» ACTIVITY: Present the data once more in exactly its original form.

Top of RECORDS PROVIDED

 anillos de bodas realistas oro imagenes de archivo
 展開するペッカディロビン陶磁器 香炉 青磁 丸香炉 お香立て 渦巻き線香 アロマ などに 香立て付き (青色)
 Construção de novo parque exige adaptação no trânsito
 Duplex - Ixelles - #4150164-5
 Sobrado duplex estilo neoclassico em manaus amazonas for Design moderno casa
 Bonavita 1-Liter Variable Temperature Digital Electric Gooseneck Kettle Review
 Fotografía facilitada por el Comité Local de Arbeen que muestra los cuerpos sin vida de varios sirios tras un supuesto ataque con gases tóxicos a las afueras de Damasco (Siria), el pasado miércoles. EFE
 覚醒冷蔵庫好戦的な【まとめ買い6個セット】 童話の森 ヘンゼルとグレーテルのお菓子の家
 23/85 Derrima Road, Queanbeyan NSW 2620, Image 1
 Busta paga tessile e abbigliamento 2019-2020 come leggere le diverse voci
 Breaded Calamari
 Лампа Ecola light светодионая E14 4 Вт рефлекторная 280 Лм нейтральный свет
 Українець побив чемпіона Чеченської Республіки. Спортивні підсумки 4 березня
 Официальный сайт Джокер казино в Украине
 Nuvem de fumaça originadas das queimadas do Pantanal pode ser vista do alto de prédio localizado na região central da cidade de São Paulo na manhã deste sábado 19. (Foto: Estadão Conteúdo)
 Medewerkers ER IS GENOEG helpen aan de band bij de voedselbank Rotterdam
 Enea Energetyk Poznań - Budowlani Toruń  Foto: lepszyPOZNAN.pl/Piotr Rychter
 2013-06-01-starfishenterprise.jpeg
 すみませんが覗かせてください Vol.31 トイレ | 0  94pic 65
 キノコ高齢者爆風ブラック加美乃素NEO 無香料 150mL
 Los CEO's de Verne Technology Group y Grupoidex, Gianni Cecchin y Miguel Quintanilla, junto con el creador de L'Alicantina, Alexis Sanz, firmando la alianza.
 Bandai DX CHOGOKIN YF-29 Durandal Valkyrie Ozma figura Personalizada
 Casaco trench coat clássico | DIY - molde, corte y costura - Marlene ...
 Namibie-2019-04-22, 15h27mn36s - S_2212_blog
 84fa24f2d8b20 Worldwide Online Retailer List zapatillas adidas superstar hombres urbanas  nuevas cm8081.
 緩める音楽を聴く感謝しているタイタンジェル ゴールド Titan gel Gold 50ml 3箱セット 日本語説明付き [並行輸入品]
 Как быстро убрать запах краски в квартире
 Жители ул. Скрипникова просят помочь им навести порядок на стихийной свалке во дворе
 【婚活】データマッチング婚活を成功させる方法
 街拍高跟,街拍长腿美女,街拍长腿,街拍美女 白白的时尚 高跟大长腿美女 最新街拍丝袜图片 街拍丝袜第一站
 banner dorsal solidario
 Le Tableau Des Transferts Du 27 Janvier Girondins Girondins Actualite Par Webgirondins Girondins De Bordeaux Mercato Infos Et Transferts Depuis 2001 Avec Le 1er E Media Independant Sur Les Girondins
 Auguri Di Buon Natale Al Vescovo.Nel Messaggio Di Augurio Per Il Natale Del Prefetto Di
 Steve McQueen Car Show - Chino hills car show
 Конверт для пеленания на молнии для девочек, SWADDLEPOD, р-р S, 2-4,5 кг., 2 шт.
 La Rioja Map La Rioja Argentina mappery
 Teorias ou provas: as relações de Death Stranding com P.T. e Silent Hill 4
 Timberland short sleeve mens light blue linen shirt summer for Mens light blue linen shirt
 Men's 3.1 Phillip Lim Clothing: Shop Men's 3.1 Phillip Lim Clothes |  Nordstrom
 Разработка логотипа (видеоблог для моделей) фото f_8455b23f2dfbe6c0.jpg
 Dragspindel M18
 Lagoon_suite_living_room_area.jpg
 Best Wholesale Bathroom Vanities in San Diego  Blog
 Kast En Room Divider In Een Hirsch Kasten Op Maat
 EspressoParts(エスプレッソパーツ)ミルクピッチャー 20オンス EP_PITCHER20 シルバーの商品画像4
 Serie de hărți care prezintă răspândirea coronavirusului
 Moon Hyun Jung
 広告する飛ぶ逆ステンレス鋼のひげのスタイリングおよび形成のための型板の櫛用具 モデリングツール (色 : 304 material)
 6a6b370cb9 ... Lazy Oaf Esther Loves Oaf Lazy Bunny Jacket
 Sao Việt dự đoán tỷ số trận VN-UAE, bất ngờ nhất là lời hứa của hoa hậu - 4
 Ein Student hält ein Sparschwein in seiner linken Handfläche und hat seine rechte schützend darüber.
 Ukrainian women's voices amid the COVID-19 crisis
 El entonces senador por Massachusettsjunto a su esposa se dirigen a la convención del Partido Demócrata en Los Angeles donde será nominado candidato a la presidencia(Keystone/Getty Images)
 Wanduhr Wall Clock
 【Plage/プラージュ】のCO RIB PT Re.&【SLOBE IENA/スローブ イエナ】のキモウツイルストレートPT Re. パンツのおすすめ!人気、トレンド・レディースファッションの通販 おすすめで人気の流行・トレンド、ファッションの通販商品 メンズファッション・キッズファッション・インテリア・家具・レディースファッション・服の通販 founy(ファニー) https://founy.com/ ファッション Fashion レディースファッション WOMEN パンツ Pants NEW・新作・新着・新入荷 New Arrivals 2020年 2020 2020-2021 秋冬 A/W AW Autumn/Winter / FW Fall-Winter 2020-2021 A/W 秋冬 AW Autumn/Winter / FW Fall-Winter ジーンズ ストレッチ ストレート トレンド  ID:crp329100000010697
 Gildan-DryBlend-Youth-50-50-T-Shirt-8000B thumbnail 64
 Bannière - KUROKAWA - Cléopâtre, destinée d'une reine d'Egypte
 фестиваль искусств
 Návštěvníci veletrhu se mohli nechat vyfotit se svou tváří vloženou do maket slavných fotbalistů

Bottom of RECORDS PROVIDED

» EXPECTED ANSWER:
 anillos de bodas realistas oro imagenes de archivo
 展開するペッカディロビン陶磁器 香炉 青磁 丸香炉 お香立て 渦巻き線香 アロマ などに 香立て付き (青色)
 Construção de novo parque exige adaptação no trânsito
 Duplex - Ixelles - #4150164-5
 Sobrado duplex estilo neoclassico em manaus amazonas for Design moderno casa
 Bonavita 1-Liter Variable Temperature Digital Electric Gooseneck Kettle Review
 Fotografía facilitada por el Comité Local de Arbeen que muestra los cuerpos sin vida de varios sirios tras un supuesto ataque con gases tóxicos a las afueras de Damasco (Siria), el pasado miércoles. EFE
 覚醒冷蔵庫好戦的な【まとめ買い6個セット】 童話の森 ヘンゼルとグレーテルのお菓子の家
 23/85 Derrima Road, Queanbeyan NSW 2620, Image 1
 Busta paga tessile e abbigliamento 2019-2020 come leggere le diverse voci
 Breaded Calamari
 Лампа Ecola light светодионая E14 4 Вт рефлекторная 280 Лм нейтральный свет
 Українець побив чемпіона Чеченської Республіки. Спортивні підсумки 4 березня
 Официальный сайт Джокер казино в Украине
 Nuvem de fumaça originadas das queimadas do Pantanal pode ser vista do alto de prédio localizado na região central da cidade de São Paulo na manhã deste sábado 19. (Foto: Estadão Conteúdo)
 Medewerkers ER IS GENOEG helpen aan de band bij de voedselbank Rotterdam
 Enea Energetyk Poznań - Budowlani Toruń  Foto: lepszyPOZNAN.pl/Piotr Rychter
 2013-06-01-starfishenterprise.jpeg
 すみませんが覗かせてください Vol.31 トイレ | 0  94pic 65
 キノコ高齢者爆風ブラック加美乃素NEO 無香料 150mL
 Los CEO's de Verne Technology Group y Grupoidex, Gianni Cecchin y Miguel Quintanilla, junto con el creador de L'Alicantina, Alexis Sanz, firmando la alianza.
 Bandai DX CHOGOKIN YF-29 Durandal Valkyrie Ozma figura Personalizada
 Casaco trench coat clássico | DIY - molde, corte y costura - Marlene ...
 Namibie-2019-04-22, 15h27mn36s - S_2212_blog
 84fa24f2d8b20 Worldwide Online Retailer List zapatillas adidas superstar hombres urbanas  nuevas cm8081.
 緩める音楽を聴く感謝しているタイタンジェル ゴールド Titan gel Gold 50ml 3箱セット 日本語説明付き [並行輸入品]
 Как быстро убрать запах краски в квартире
 Жители ул. Скрипникова просят помочь им навести порядок на стихийной свалке во дворе
 【婚活】データマッチング婚活を成功させる方法
 街拍高跟,街拍长腿美女,街拍长腿,街拍美女 白白的时尚 高跟大长腿美女 最新街拍丝袜图片 街拍丝袜第一站
 banner dorsal solidario
 Le Tableau Des Transferts Du 27 Janvier Girondins Girondins Actualite Par Webgirondins Girondins De Bordeaux Mercato Infos Et Transferts Depuis 2001 Avec Le 1er E Media Independant Sur Les Girondins
 Auguri Di Buon Natale Al Vescovo.Nel Messaggio Di Augurio Per Il Natale Del Prefetto Di
 Steve McQueen Car Show - Chino hills car show
 Конверт для пеленания на молнии для девочек, SWADDLEPOD, р-р S, 2-4,5 кг., 2 шт.
 La Rioja Map La Rioja Argentina mappery
 Teorias ou provas: as relações de Death Stranding com P.T. e Silent Hill 4
 Timberland short sleeve mens light blue linen shirt summer for Mens light blue linen shirt
 Men's 3.1 Phillip Lim Clothing: Shop Men's 3.1 Phillip Lim Clothes |  Nordstrom
 Разработка логотипа (видеоблог для моделей) фото f_8455b23f2dfbe6c0.jpg
 Dragspindel M18
 Lagoon_suite_living_room_area.jpg
 Best Wholesale Bathroom Vanities in San Diego  Blog
 Kast En Room Divider In Een Hirsch Kasten Op Maat
 EspressoParts(エスプレッソパーツ)ミルクピッチャー 20オンス EP_PITCHER20 シルバーの商品画像4
 Serie de hărți care prezintă răspândirea coronavirusului
 Moon Hyun Jung
 広告する飛ぶ逆ステンレス鋼のひげのスタイリングおよび形成のための型板の櫛用具 モデリングツール (色 : 304 material)
 6a6b370cb9 ... Lazy Oaf Esther Loves Oaf Lazy Bunny Jacket
 Sao Việt dự đoán tỷ số trận VN-UAE, bất ngờ nhất là lời hứa của hoa hậu - 4
 Ein Student hält ein Sparschwein in seiner linken Handfläche und hat seine rechte schützend darüber.
 Ukrainian women's voices amid the COVID-19 crisis
 El entonces senador por Massachusettsjunto a su esposa se dirigen a la convención del Partido Demócrata en Los Angeles donde será nominado candidato a la presidencia(Keystone/Getty Images)
 Wanduhr Wall Clock
 【Plage/プラージュ】のCO RIB PT Re.&【SLOBE IENA/スローブ イエナ】のキモウツイルストレートPT Re. パンツのおすすめ!人気、トレンド・レディースファッションの通販 おすすめで人気の流行・トレンド、ファッションの通販商品 メンズファッション・キッズファッション・インテリア・家具・レディースファッション・服の通販 founy(ファニー) https://founy.com/ ファッション Fashion レディースファッション WOMEN パンツ Pants NEW・新作・新着・新入荷 New Arrivals 2020年 2020 2020-2021 秋冬 A/W AW Autumn/Winter / FW Fall-Winter 2020-2021 A/W 秋冬 AW Autumn/Winter / FW Fall-Winter ジーンズ ストレッチ ストレート トレンド  ID:crp329100000010697
 Gildan-DryBlend-Youth-50-50-T-Shirt-8000B thumbnail 64
 Bannière - KUROKAWA - Cléopâtre, destinée d'une reine d'Egypte
 фестиваль искусств
 Návštěvníci veletrhu se mohli nechat vyfotit se svou tváří vloženou do maket slavných fotbalistů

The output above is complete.